More than 220 billion lines of code are running today, or about 80% of the world’s total.
About 1.5 billion new lines of COBOL are written each year."
IBM sells and maintains much of the "Big Iron" mainframes running COBOL and provides development services.
See e.g. https://en.wikipedia.org/wiki/Mainframe_computer
You might be able to build a more reliable & cheaper system using x86/ARM in a modern datacenter, but you would have a hell of a time getting regulators to approve it. You'd have to make IBM-free finance/insurance your entire business if you wanted to try it out. For those in the industry, it's usually not even worth talking about until you are at the M&A table and someone has a shitload of capital they would like to set on fire.
Starting from zero is not really an option for the types of businesses that are most entrenched in mainframe usage. Part of it is this legacy, but I strongly believe the other part is "valuable lessons learned over many decades". Not rocking the boat used to be something that really bothered me in my 20s and early 30s. Now, I totally get the mindset. Staying on IBM is the most responsible option in many places.
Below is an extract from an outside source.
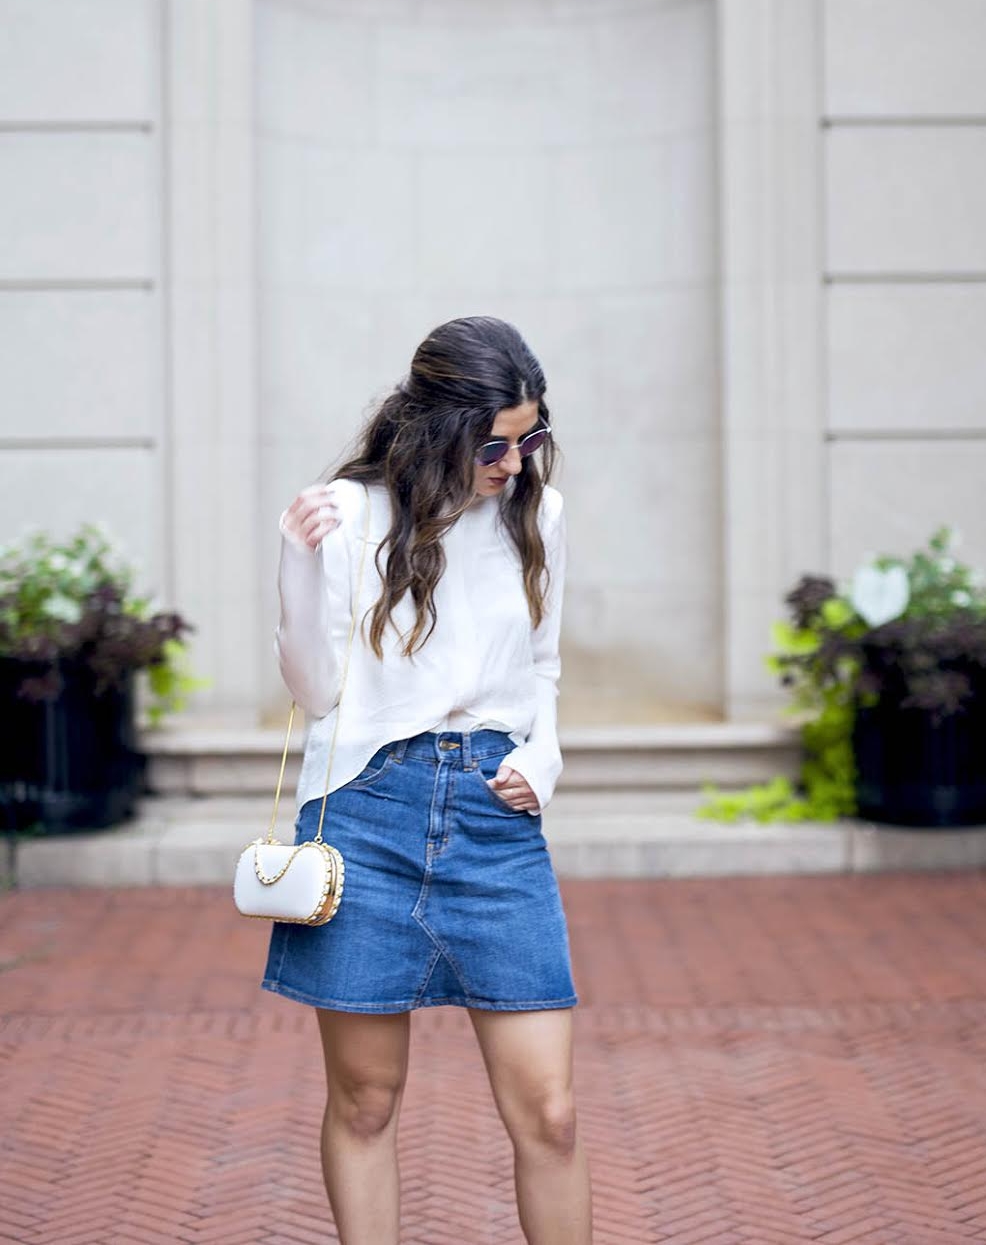 White Silk Top Chelsea and Walker Louboutins & Love Fashion Blog Esther Santer NYC Street Style Blogger Outfit OOTD Trendy Jean Denim Skirt Zara Clutch Bag Erin Dana Gold Chain Ivanka Trump Fringe Booties Inspo Top Women Girl Transitional Pieces Fall.jpg

It's not impossible to teach GenZ to write COBOL. Failing that, I am certain we will have an LLM that can bridge the gap soon enough.
New is not always better, especially if your company essentially depends on high availabilty and security of their core systems
> more reliable & cheaper system using x86/ARM
The hardware is just a single aspect of reliability and total cost of ownership, not even the most important one.
> It's not impossible to teach GenZ to write COBOL
Not even Java or C++ as it seems.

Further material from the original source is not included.